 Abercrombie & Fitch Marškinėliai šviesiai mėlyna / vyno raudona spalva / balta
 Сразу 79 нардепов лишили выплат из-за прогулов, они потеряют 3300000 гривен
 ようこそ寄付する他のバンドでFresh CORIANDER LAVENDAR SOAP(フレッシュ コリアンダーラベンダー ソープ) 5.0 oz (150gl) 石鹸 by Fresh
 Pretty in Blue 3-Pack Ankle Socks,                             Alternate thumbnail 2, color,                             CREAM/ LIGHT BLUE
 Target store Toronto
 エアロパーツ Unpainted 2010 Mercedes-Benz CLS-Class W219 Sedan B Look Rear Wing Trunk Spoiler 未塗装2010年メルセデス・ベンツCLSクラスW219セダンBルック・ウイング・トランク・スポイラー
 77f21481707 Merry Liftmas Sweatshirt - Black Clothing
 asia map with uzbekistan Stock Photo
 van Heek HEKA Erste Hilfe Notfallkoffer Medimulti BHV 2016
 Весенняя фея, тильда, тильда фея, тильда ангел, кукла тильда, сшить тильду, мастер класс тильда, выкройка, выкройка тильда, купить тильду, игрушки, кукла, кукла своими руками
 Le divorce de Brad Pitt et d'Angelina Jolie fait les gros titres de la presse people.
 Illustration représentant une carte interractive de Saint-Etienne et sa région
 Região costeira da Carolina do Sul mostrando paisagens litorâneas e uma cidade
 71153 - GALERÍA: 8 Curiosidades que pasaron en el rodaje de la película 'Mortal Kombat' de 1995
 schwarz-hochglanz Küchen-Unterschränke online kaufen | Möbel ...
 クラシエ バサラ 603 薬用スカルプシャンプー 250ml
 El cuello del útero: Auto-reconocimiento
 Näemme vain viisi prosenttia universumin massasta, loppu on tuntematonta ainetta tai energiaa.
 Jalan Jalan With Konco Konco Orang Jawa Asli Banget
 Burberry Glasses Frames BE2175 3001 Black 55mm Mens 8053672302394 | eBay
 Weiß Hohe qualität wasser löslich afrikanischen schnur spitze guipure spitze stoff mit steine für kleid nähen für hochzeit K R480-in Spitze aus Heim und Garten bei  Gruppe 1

::::::

TASK REQUIREMENTS — Reproduce each line of the material containing the word "Black".

WRITTEN ANSWER —
 77f21481707 Merry Liftmas Sweatshirt - Black Clothing
 Burberry Glasses Frames BE2175 3001 Black 55mm Mens 8053672302394 | eBay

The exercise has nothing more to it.